I had not been to Miami for at least a decade, preferring instead to spend my time with my wife in New York City (NYC), dividing our stay between our favourite hotel anywhere, the Marriott Marquis on Times Square, and family in Brooklyn, taking in all the sights and sounds in between.

In both that town and Miami, it really doesn’t matter what the colour of the stuff running through your veins is, as long as your money is, of course, green. And just as it is in NYC, in Miami there are quite a few people who live on the streets and walk the trendy areas by day, reminding us that there but for the grace of God go we.

The Epic is one of the trendy places to be in the revitalised, resurging boomtown downtown of Miami, which used to be a graveyard after the tourists fled East Flagler Street as the sun went down.

That is not history, just what I gleaned from the hotel’s well-trained and informative employees, but weekends at the Epic can be, well, epic, if you happen to be at the age when you believe you can conquer more than a bottle of your favourite spirits on Friday and Saturday nights.

Epic’s 80 or 90 storeys include both hotel floors, parking garages and residences at the very top. Built on the water inlet called the Miami River, which flows in through parts of the city, the Epic also has its own moorings for yachts, just in case you sailed in from, let’s say, Bimini, for the weekend.

They don’t know me, and unfortunately have not sponsored this article, so before I move on, I can freely encourage you to stop by this hotel, which is trendy, beautifully appointed and has a great group of people at the ready to asset you, next time you are in Miami for business or pleasure.

For me the Epic seems to be at the heart of the rediscovery of downtown Miami by the trendy set, and I do not use that word in a patronising way. They are the ones who like to go out looking their best and they spend money. They are the builders of tourism in places like Miami and, well, Barbados.

Anyway, speaking of tourism, what is Miami without a visit to South Beach? Well, it is pretty great actually, as I have visited many times without ever going there, but my son showed me around, although it was late and we mainly walked around.
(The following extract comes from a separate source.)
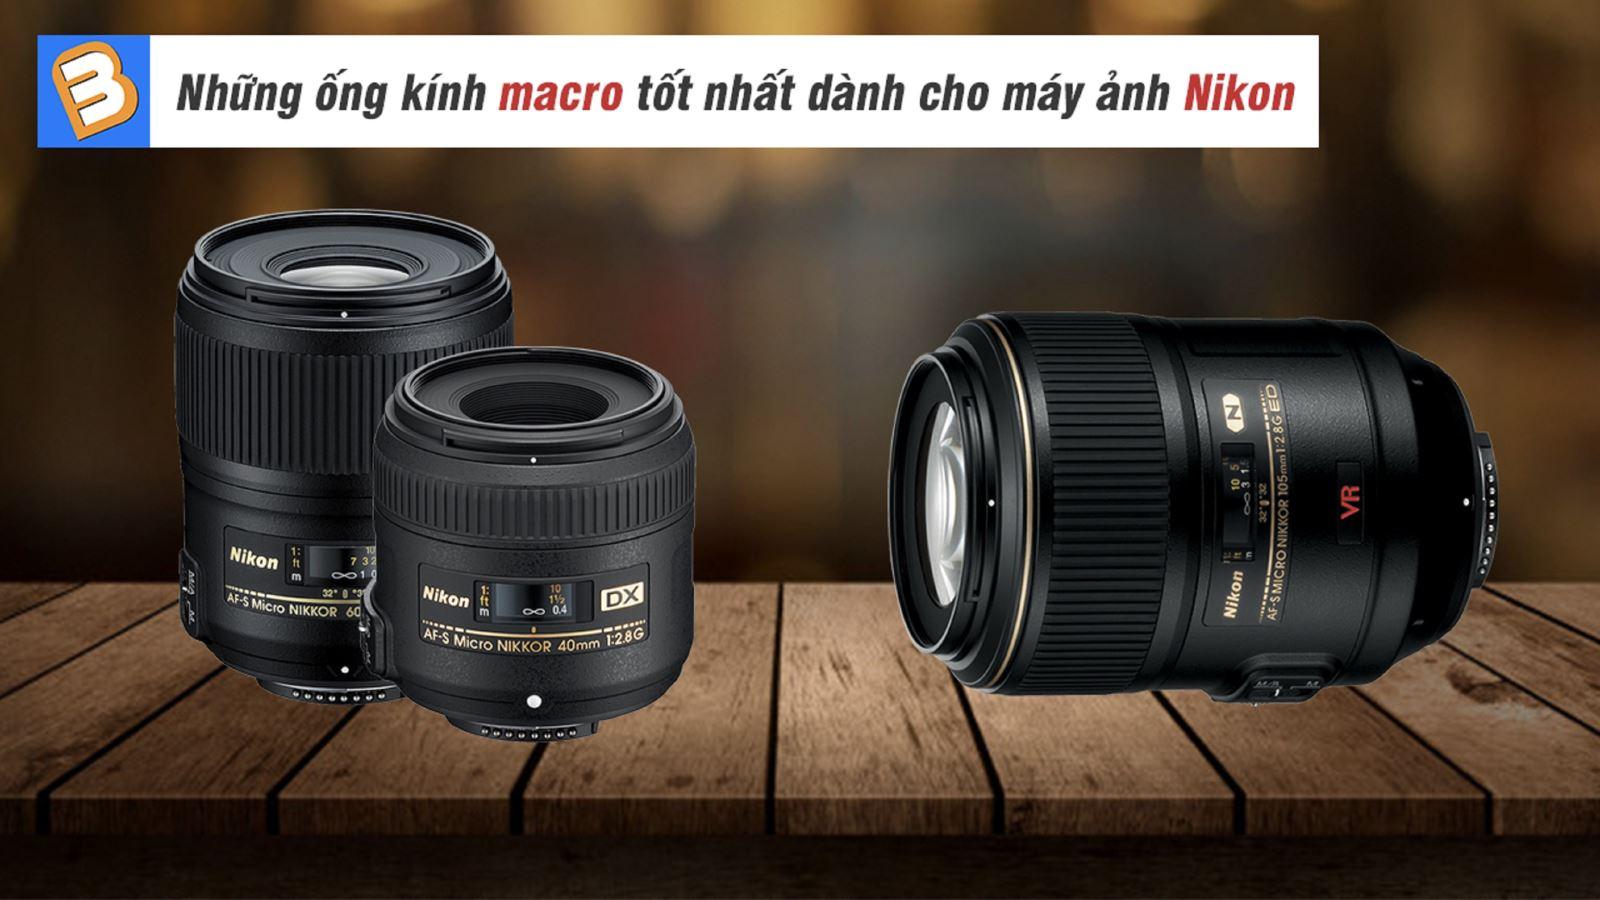 Những ống kính macro tốt nhất dành cho máy ảnh Nikon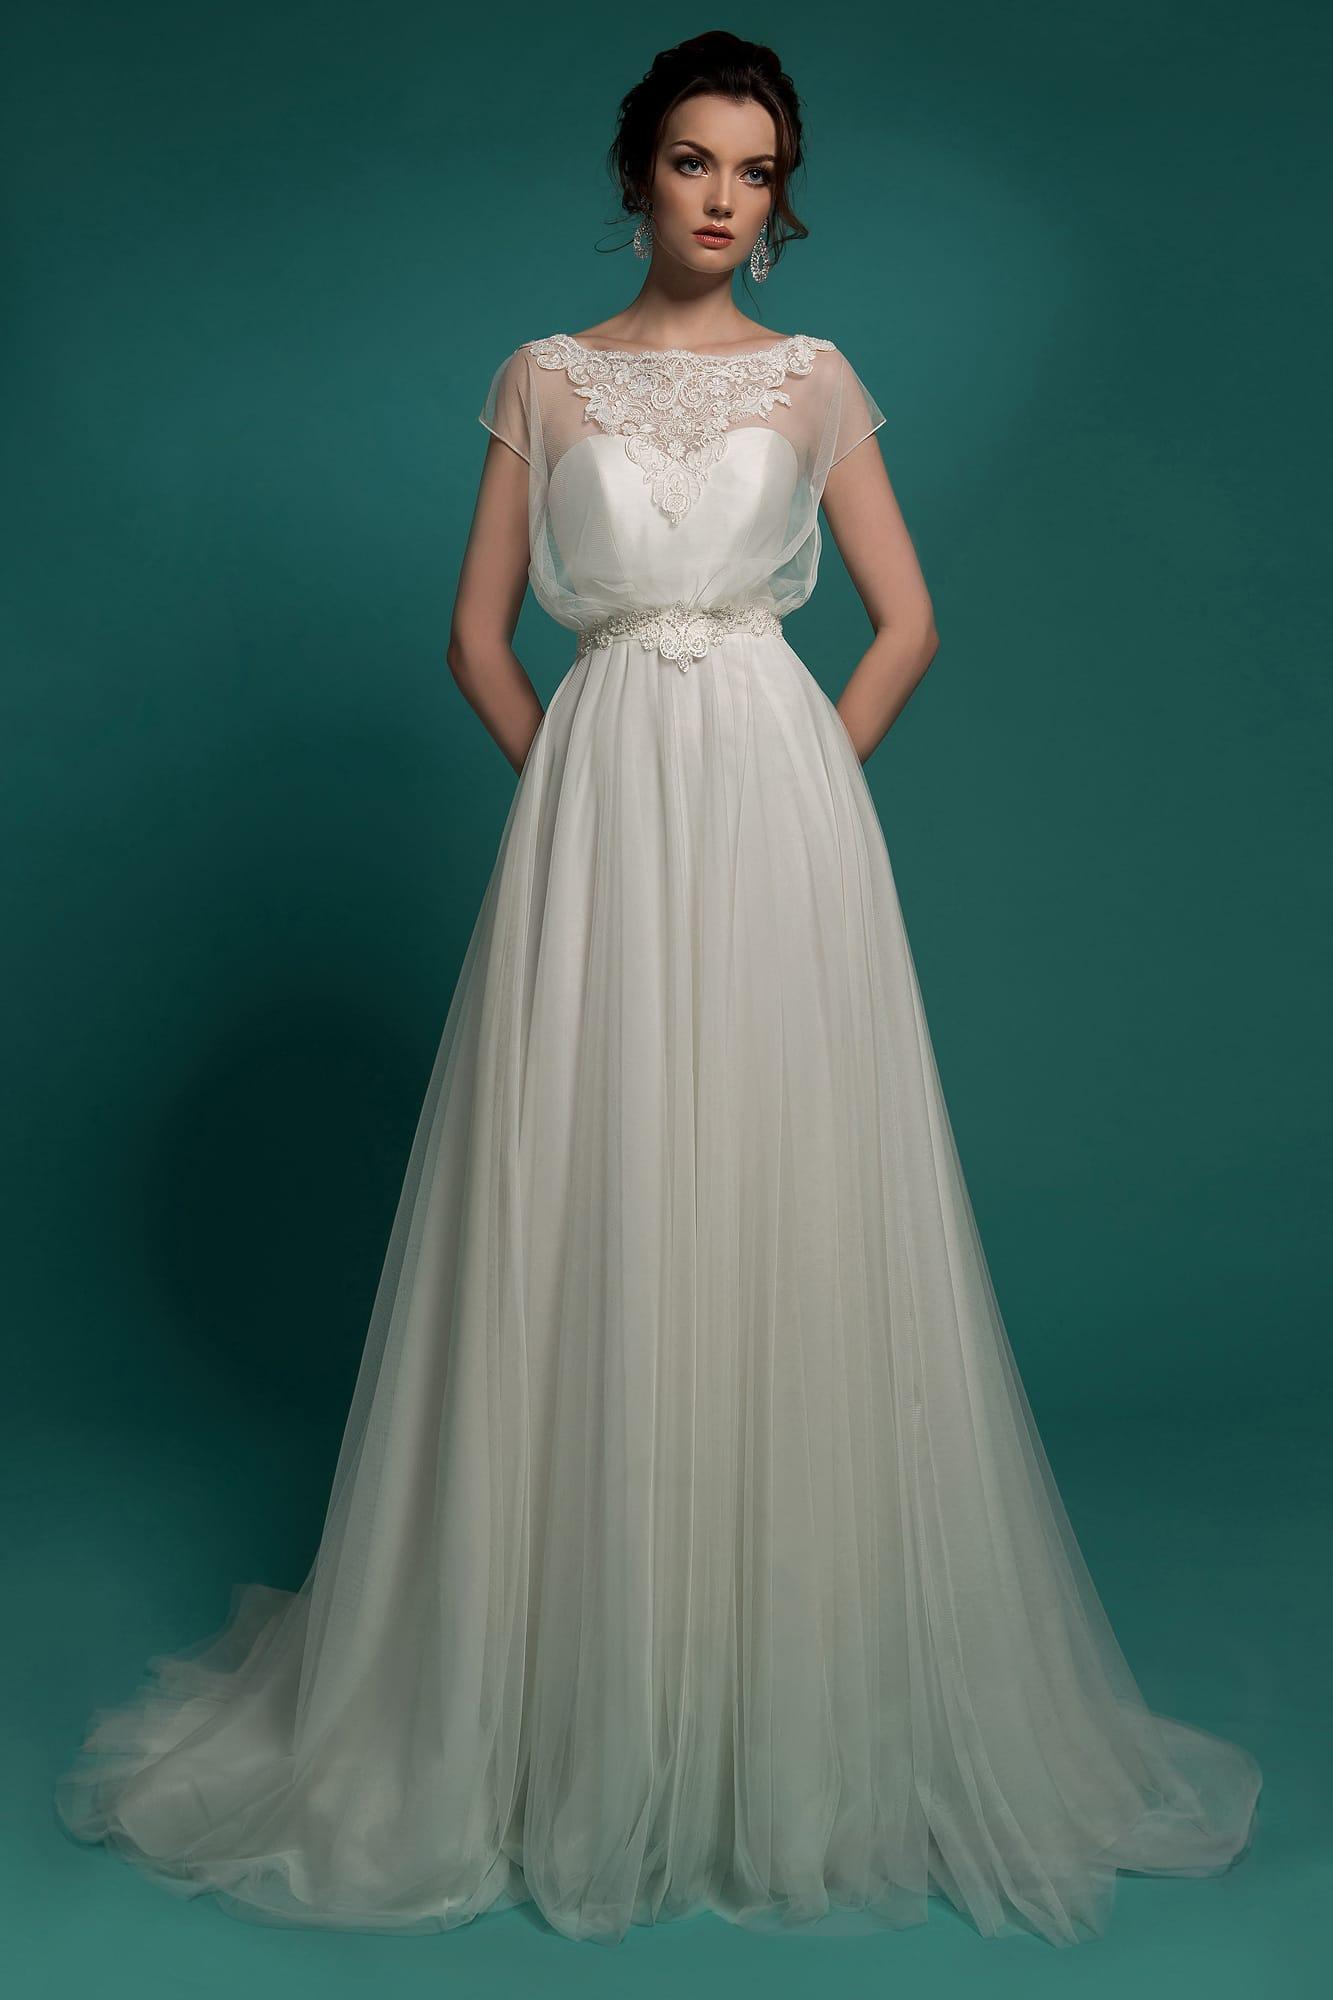 14c43bdf095 Свадебное платье в ампирном стиле с полупрозрачным верхом широкого кроя.

I can report that they were playing Hot Hot Hot in one of the bars on the avenue next to the beach, but the conga line I saw did need some work. Make that “rhythm”.

In Miami’s South Beach there exists, I have since ready, the largest collection of functioning and well maintained art deco buildings in the world. Three avenues are something like thirty blocks. It checks all the boxes of superlatives, even if, like me, you are not a great fan, but more of an admirer of this between-World-Wars genre of architecture, which embraced what the machine could do with iron and steel as well as paraded some of history’s iconic images across its concrete and plaster motifs.

If you want a local (basic) sample of art deco here, check the Globe Cinema. For perhaps the highest-end version, check the Chrysler Building in Manhattan. South Beach is somewhere in between, its buildings much more subtle than the Globe but rarely going past a handful of storeys. Despite whatever may be going on at its famous nightclubs or other establishments, the homogenous architecture of South Beach makes you feel you could walk the sidewalks forever, just absorbing the aesthetic.

On the third street there are family restaurants of all kinds with tables outside until late, so you don’t have to be personally trending yourself to go there and enjoy an evening. The food is reasonably priced and of good quality. And by two in the morning, the police are out routinely rounding up the inebriated who couldn’t make it home by themselves.

I can simply end here by saying: Miami rocks.